# one\_hot\_encode

## Usage

{% hint style="info" %}
This calculator allows the user to **transform categorical columns into binary ones**. \
For each category it will create a binary column with 1 if it was this category and 0 if not. It can take into account multiple categories at the same time if they use a specific separator.&#x20;

*Please note that:* \
\- Columns existing during preprocessing but missing during prediction are added and filled by False

\- Columns existing during prediction but missing during preprocessing are removed
{% endhint %}

{% hint style="danger" %}
Some algorithm already handle encoding (for example `lightgbm`) so `one_hot_encode` is not necessary.
{% endhint %}

This calculator can be used with the following method:

<mark style="color:red;">**`one_hot_encode`**</mark>

Examples:

* Transform a product category with 5 different categories into 5 binary columns.
* This calculator is best used when there is a few different possible categories.

***

## Main Parameters

{% hint style="success" %}
**The bold options** represent the default values when the parameters are optional.
{% endhint %}

* *<mark style="color:blue;">input\_columns</mark>* \
  list of columns used as input of the calculators: The list of columns that will be used to fill the output column.
* <mark style="color:blue;">output\_columns\_prefix</mark> \
  prefix of the columns added when the output columns cannot be listed
* *<mark style="color:blue;">global</mark>* *(true, **false)*** \
  Should this calculator be performed before data splitting during training for cross-validation
* *<mark style="color:blue;">steps</mark>* \[optionnal] *(**training, prediction**, postprocessing*) \
  List of steps in a pipeline where columns from this calculator are added to the data.
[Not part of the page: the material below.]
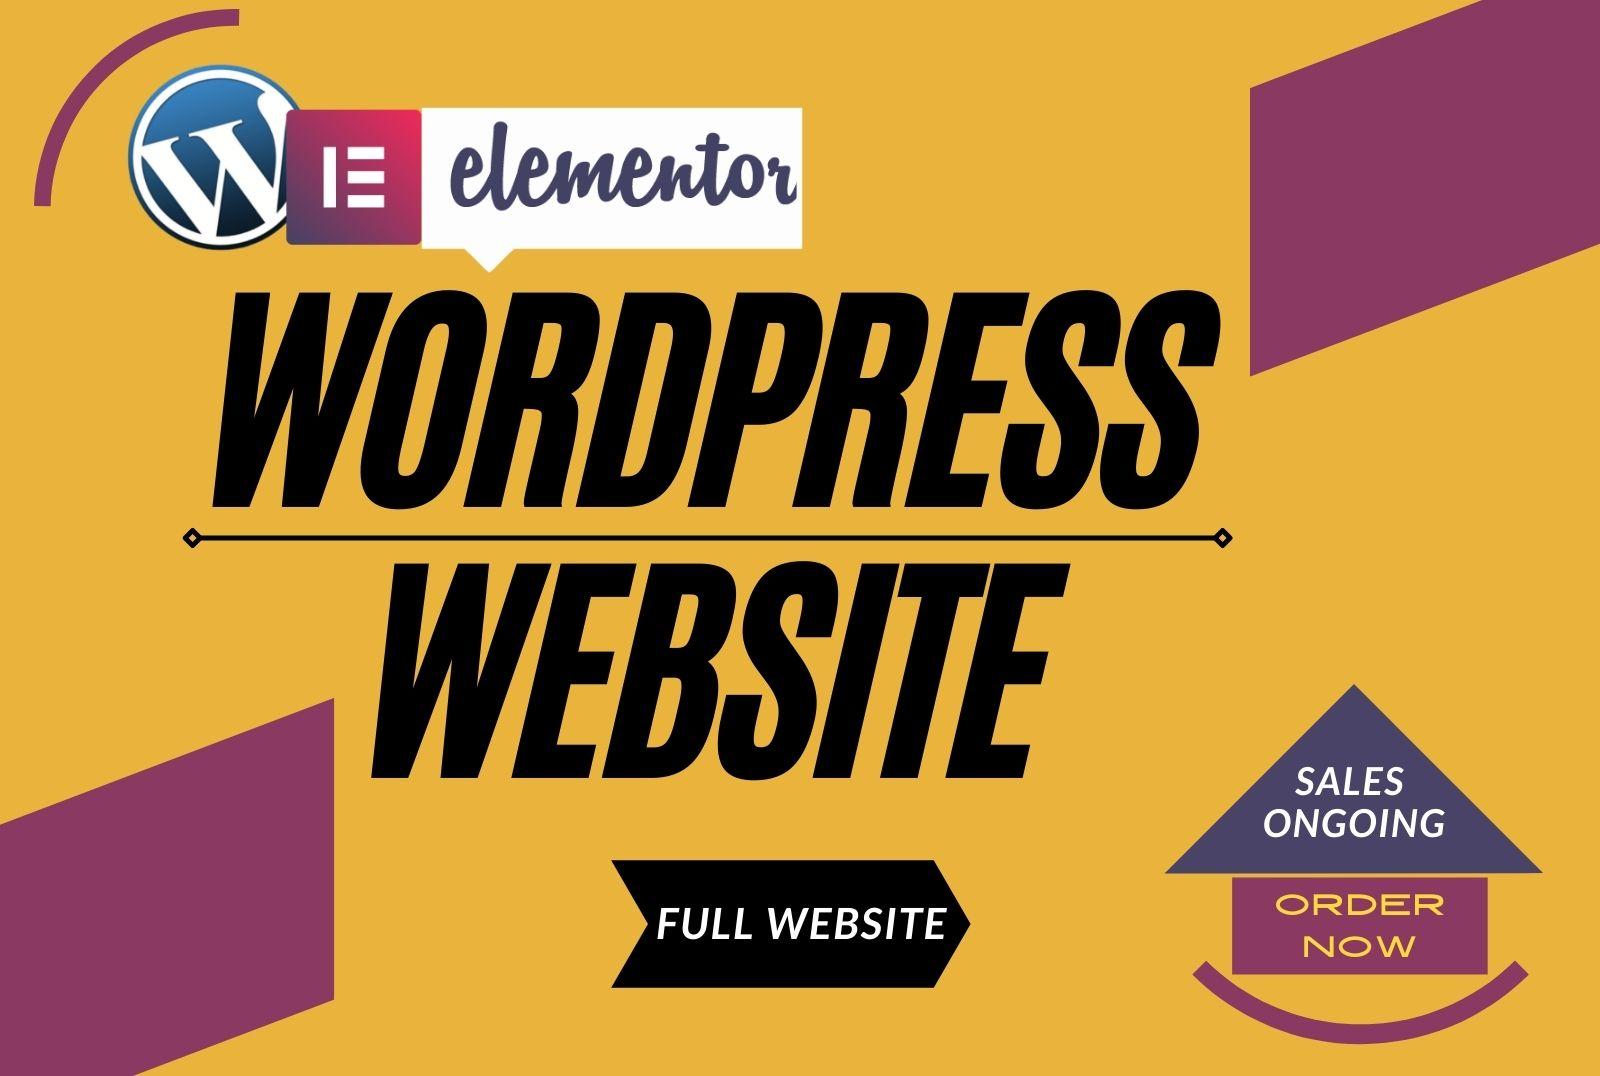 I will customize wordpress website responsive design with elementor pro

Note that when the training option is listed, the calculator is actually added during preprocessing.
* *<mark style="color:blue;">store\_in\_model</mark>* \[optionnal] *(true, **false)*** \
  Please indicate whether the "calculated" columns by the calculator should be stored in the model or not to avoid recalculating them during prediction. This is only relevant if the calculated columns are added to both training and prediction. Without this parameter, the values will not be stored in the model. The following parameters only make sense if this parameter is set to *true*.
* *<mark style="color:blue;">stored\_columns</mark>* \[required if *<mark style="color:blue;">store\_in\_model</mark> is true*] \
  List indicating the columns to be stored among the *<mark style="color:blue;">output\_columns</mark>*.
* *<mark style="color:blue;">stored\_keys</mark>* \[required if *<mark style="color:blue;">store\_in\_model</mark> is true*] \
  List indicating the columns to use for identifying the correct values to join on the data for prediction among the stored values (logically, they are to be chosen from the *<mark style="color:blue;">input\_columns</mark>*).

***

## Specific Parameters

* *<mark style="color:blue;">separator</mark>* \[optionnal] \
  Char used as separator in the input column. When a separator is provided, the columns to one hot encode need to be of type str.

***

## Examples

1. A given dataset contains sales data (`qty_sold`) for several products. These products are characterized by a family (`concat_famid`) and a color (`product_color`), which is are categorical column containing several values. \
   The user wants to transform those categorical columns into binary ones.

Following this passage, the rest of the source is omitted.